Los humanos se retiran a sus madrigueras. El único dueño de las ciudades es el Covid, la bestia invisible que salta de persona en persona, el monstruo que se esconde y ataca a la especie desde adentro. Los humanos se retiran, y vuelven los peces y los cisnes a Venecia, la polución baja, el planeta (dicen) respira. Alguien filma a un jabalí corriendo por Barcelona vacía de noche. El Instagram de una actriz vegana me interpela: “¿Y si el virus somos nosotros?”.
Los virus se reproducen, pero no comen, no respiran, no excretan. Un virus asiático nos vuelve a todos hikikomoris, los ermitaños modernos de Japón, precursores de los incels. Es un virus de extrañamiento: por primera vez podemos ver de cerca la osamenta que recubre nuestro sistema de vida. Eramos hámsters y cuando nos sacaron la ruedita, la economía se derrumbó. El mercado no puede imaginar una jaulita vacía. Un mundo sin cuerpos humanos, hecho de vacío y silencio.

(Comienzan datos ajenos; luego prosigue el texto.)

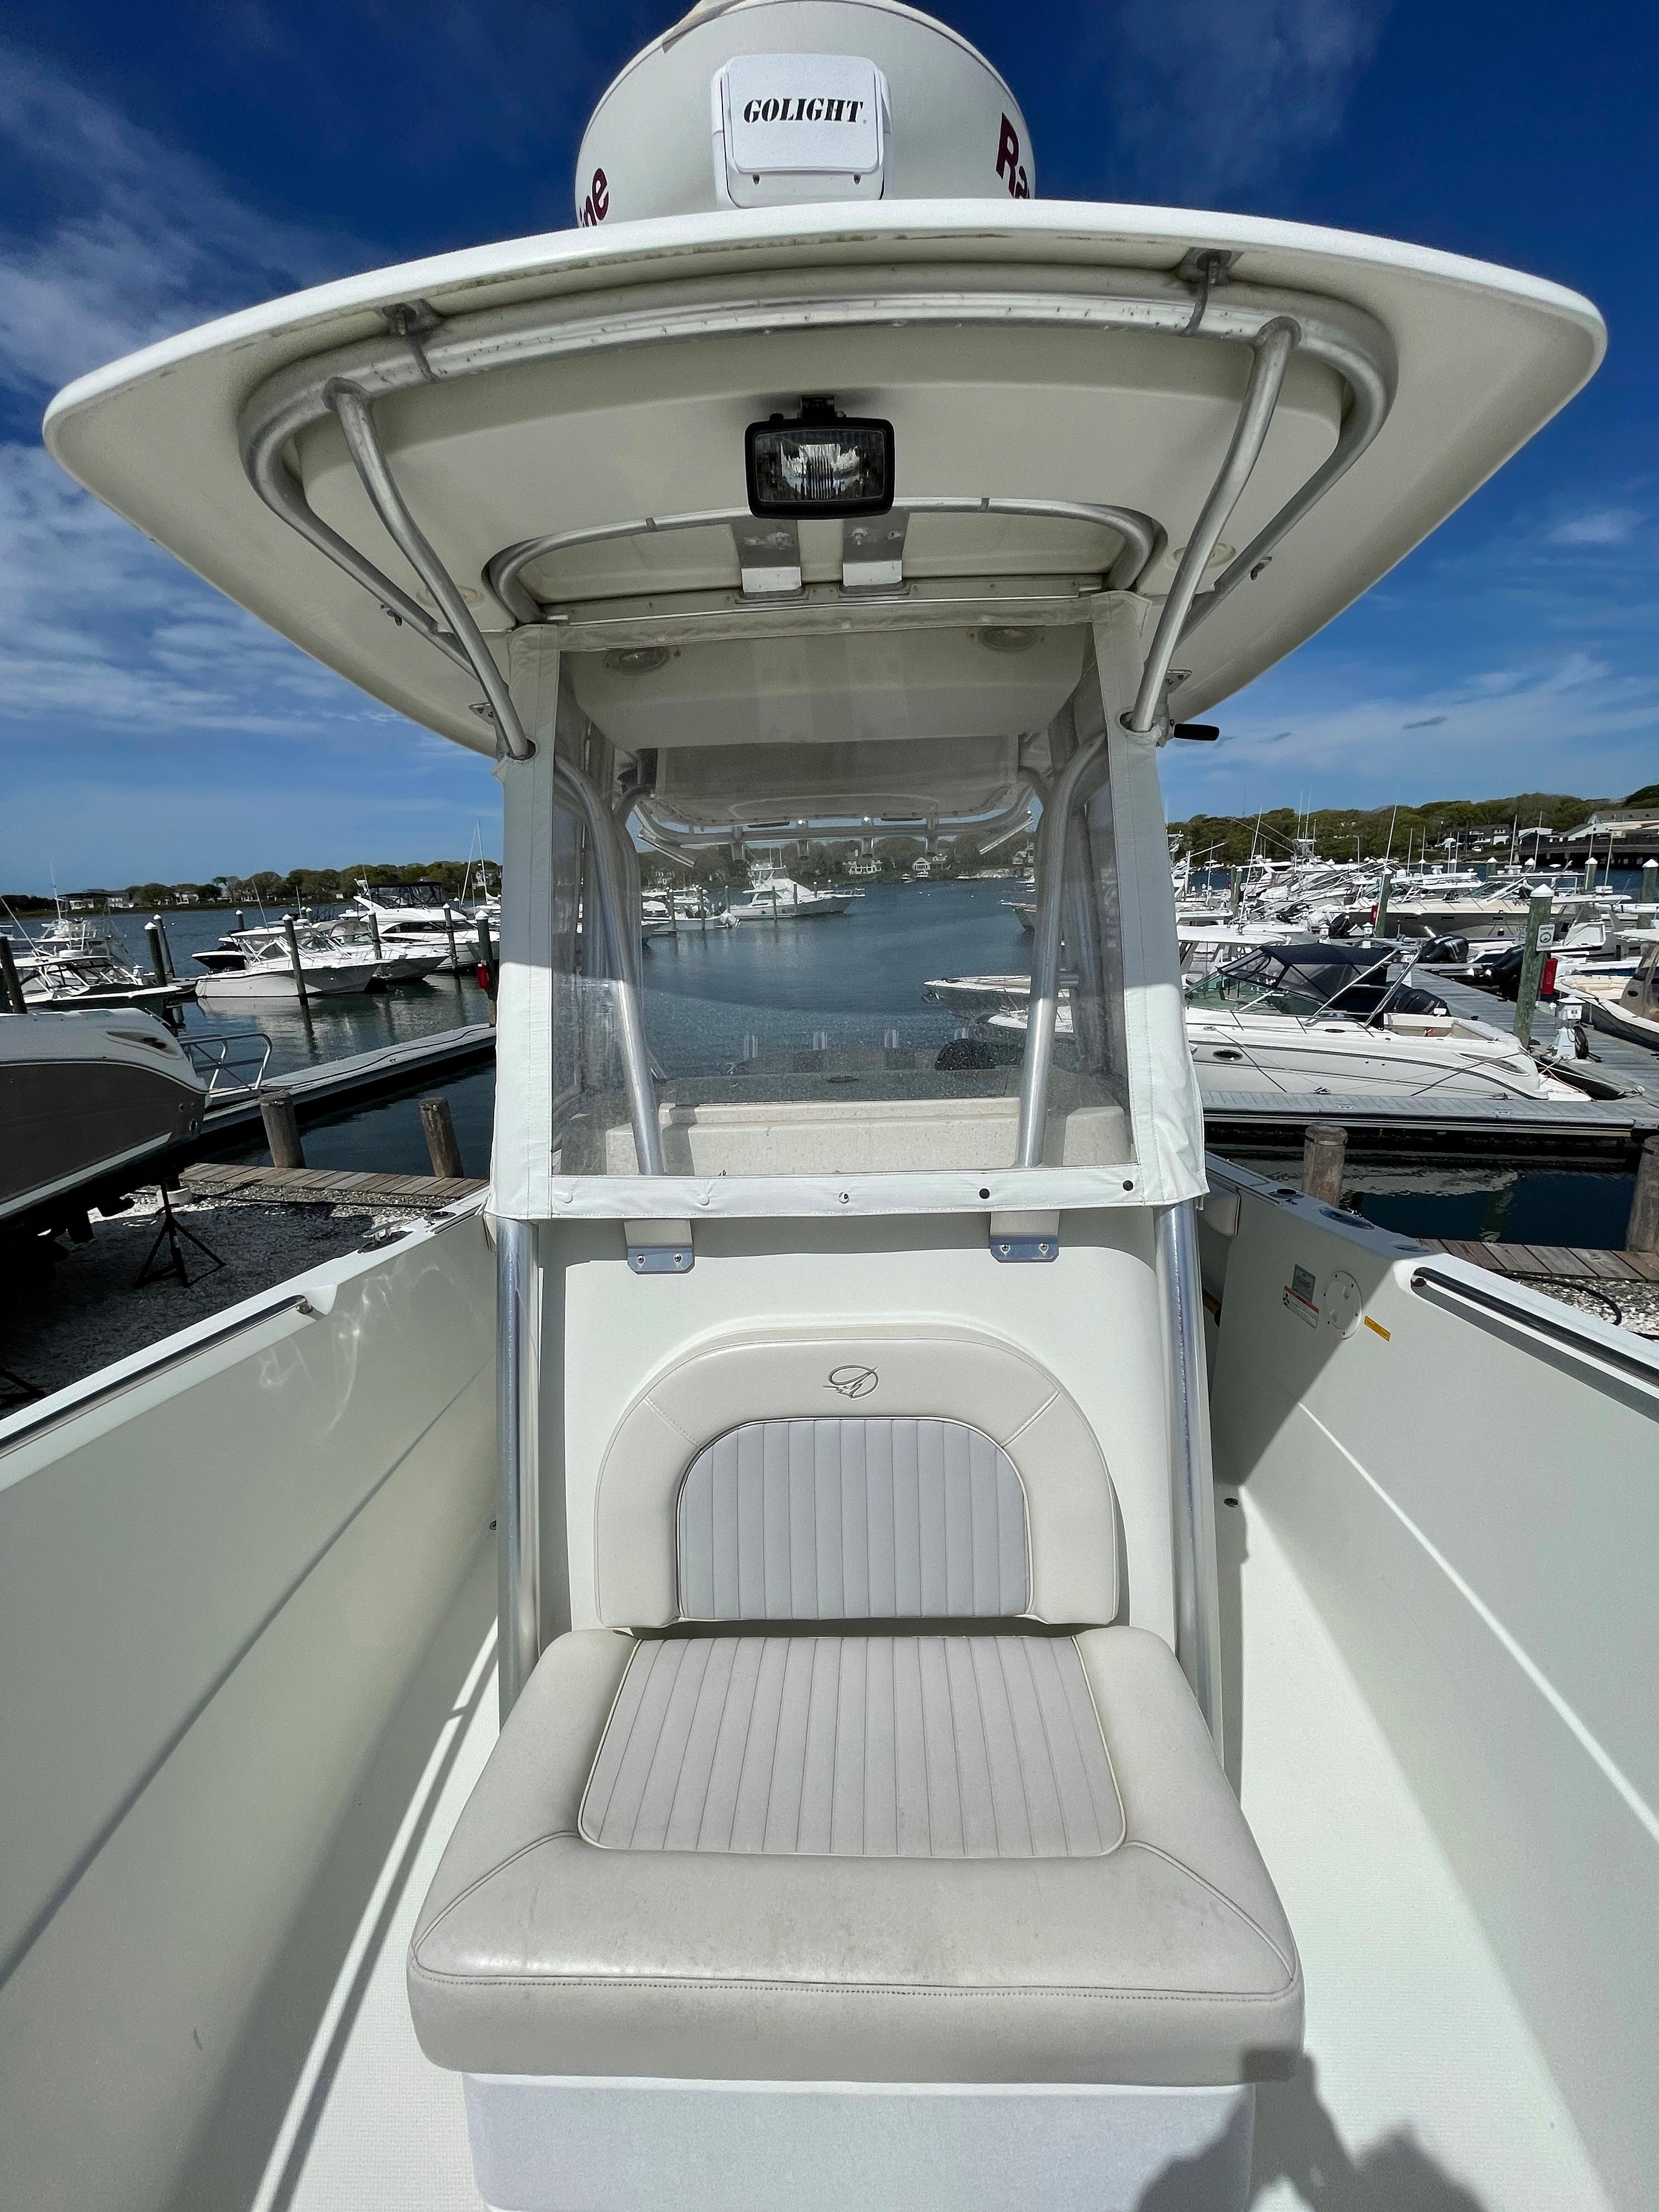 26 ft Sailfish 2660 Center Console Forward Seating with Go Light

La guerra es entre la virósfera y nosotros. La pandemia se hace una con el poder político, el ejército y la policía patrullan las catedrales abandonadas de la era del Capital. Tenemos que imitar al depredador: extender el dominio de lo humano contra la virósfera. Reproducirnos: fuera del ADN, la tecnología humana más exitosa para desplegar nuestra subjetividad hasta ahora es la Cultura –y su sucedáneo, el software–. Escribir es reproducirse: creamos ideas que buscan existir en las mentes de otros, volverse adictivas, contagiosas. Un libro, como un programa, es siempre un intento de colonizar otra mente, busca infectar, anidar, aparecer en otra casa vía la transmisión de un contagio. Crear una cierta dependencia. Alberto pidió a los argentinos que dejemos de abrazarnos y tomar mate. Vamos a adorarnos a lo lejos, a fantasear la nostalgia de viajar en un colectivo lleno, de sentir la horda propia respirándonos cerca. Éramos felices, lo teníamos todo y no lo sabíamos.